Scoring a Championship Performance
There were only two theatres on the Windward side: Paliku Theatre at Windward Community College and the Paul & Vi Loo Theater at Hawaii Pacific University, and for a very long time these two carried the performing and theatrical arts banenrs for the Kaneohe-Kailua side of Oahu. Theatrical opportunities were present but limited when compared to their fellow theatres on the other side of the Pali. Another area on Oahu that has a similar issue is the Leeward side, with The Leeward Theatre being a theatrical beacon for anyone on the West Coast of Oahu. Enter Kailua Onstage Arts (KOA): a new non-profit theatre company operating out of Kailua. It is a welcome addition to a rich tradition of theatre within the Kaneohe-Kailua area of the island, and adds to the already pulsing arts community there with its fresh vision, which is similar to town-based theatre company Evolve. KOA was started to produce works that “give voice to the voiceless – those who have gone mostly unheard because of their race, gender, sexuality, geographic location, or economic condition.” With an eclectic season ahead of them, KOA steps forward onto the Oahu theatre scene with a high-energy play in the form of The Wolves by Sarah DeLappe.
DeLappe’s script is stunning, considering it’s also her first work. Told in the periods either before or after their games in the season, the audience is treated to a living and breathing indoor soccer team. The girls stretch, warmup, and run drills while also dissecting their lives, the world around them, and each other. The dialogue in the play feels like actual, unwritten conversation, to the point I thought some of it was improvised. However, this realistic sounding dialogue is captured within DeLappe’s lines, and the natural ebb and flow of conversation course through the play artfully, gracefully, and sometimes chaotically (like getting a team of nine is wont to do, sometimes having three to four conversations happening at once). To not only capture the human condition on a often misunderstood, misrepresented/not often represented group of voices but to also capture the sound of these voices as well is an achievement, and Director Stacy Ray should be proud that her team, all of them, rose to the challenge with aplomb.
The Wolves is about an indoor soccer team of teenage girls. The Wolves are a pack, like their team name suggests, and they are ferocious as with each other as they are with rival teams at times. As previously mentioned, the scenes are broken up and staged in the before or after a series of games in their championship season. Staged in-the-round, with the audience on all sides, you may miss some moments when the team is doing floor work or being seated due to the audience seating not being raked. That being said, there are no bad seats: you may get a different show than the person sitting across from you, but the staging and blocking executed by the cast does not favor any one side.

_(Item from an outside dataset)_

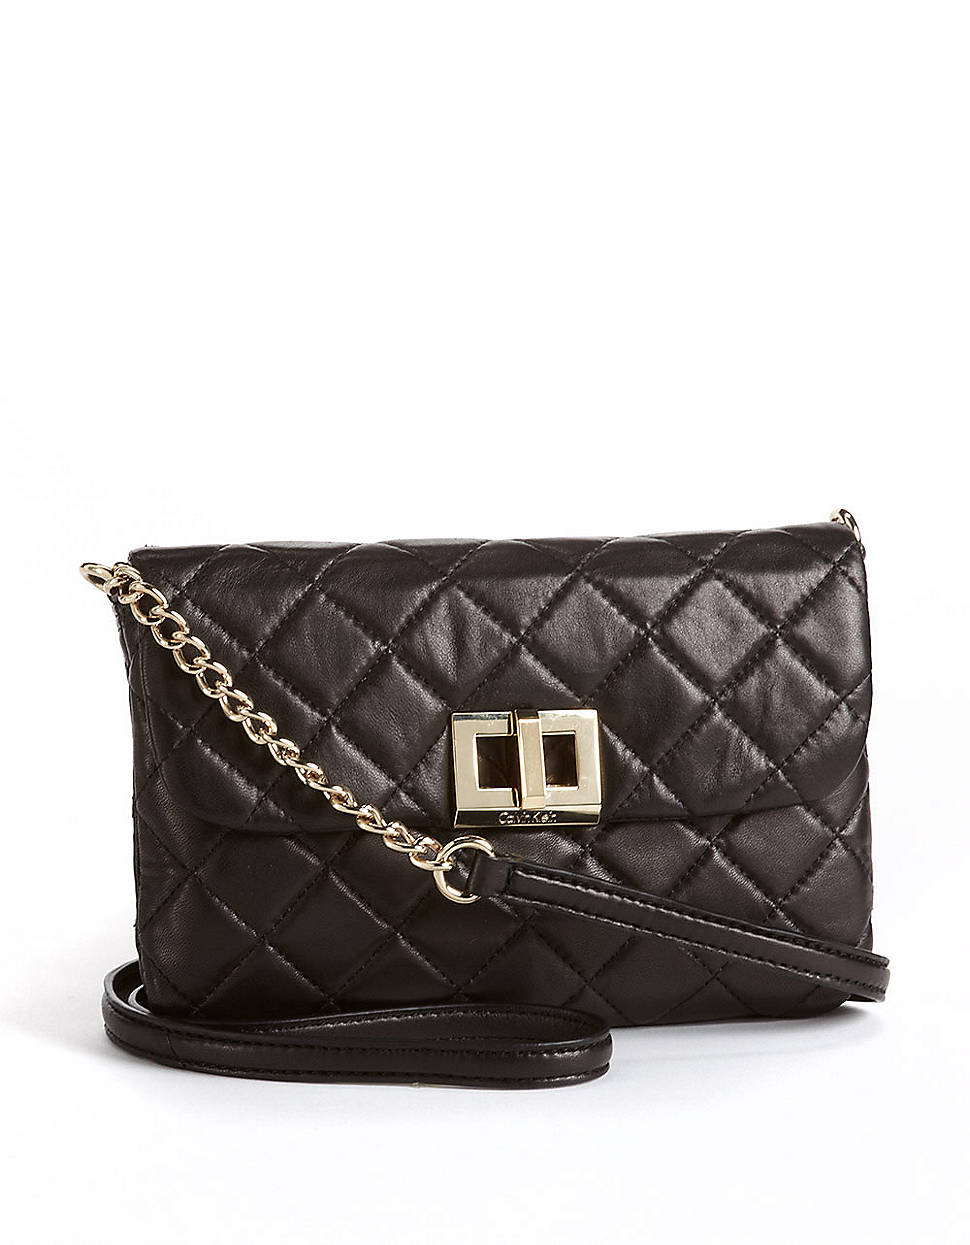 Calvin Klein Quilted Leather Crossbody Bag in Black | Lyst

Alyse Glaser, Kira Stone, Maggie Odom, Camille Perry, Grace Grange, Kaenaaloha Watson, Chelsea Cox, Lily Kim-Dela Cruz, and Ruby O’Malley make up the Wolves, and they deserve a hand for their stellar performances. Thanks to DeLappe’s writing, the characters all get their moments to shine, and the strength, vulnerability, and openness of all of their performances meant that not one of them rises above the other. A consummate team and ohana through and through, which only elevates the script and the production. A special mention goes out to Lisa Barnes as the Soccer Mom: she does not have a large role in the production when compared to the girls, but that does not stop her from touching the audience’s (and the team’s) hearts like any supportive soccer mom would.
A few technical things- The wig by James Correy looked very real and had me fascinated! The girls’ Soccer Technical Advisors Gwenette Higa and Donna Fouts have done a great job of transforming them into the team they needed to be. Kevin Keaveney’s set design is minimal, but what the script called for was an indoor turf field, and he delivered in spades. Kahana Ho’s lighting worked very well in the space.
A fantastic script, a production well-directed done by some of the strongest performances seen this year yet, and it’s only 90 minutes. Well worth the drive into Kailua, The Wolves is surely a production you do not want to miss.
KOA’s productions will be held at 50 Kihapai Street, at least for this season. The Wolves runs through (EXTENDED!) September 16; Friday, Saturday 7:30pm, Sunday 4pm. Tickets range from $20-$30 and are on sale online at www.kailuaonstagearts.com.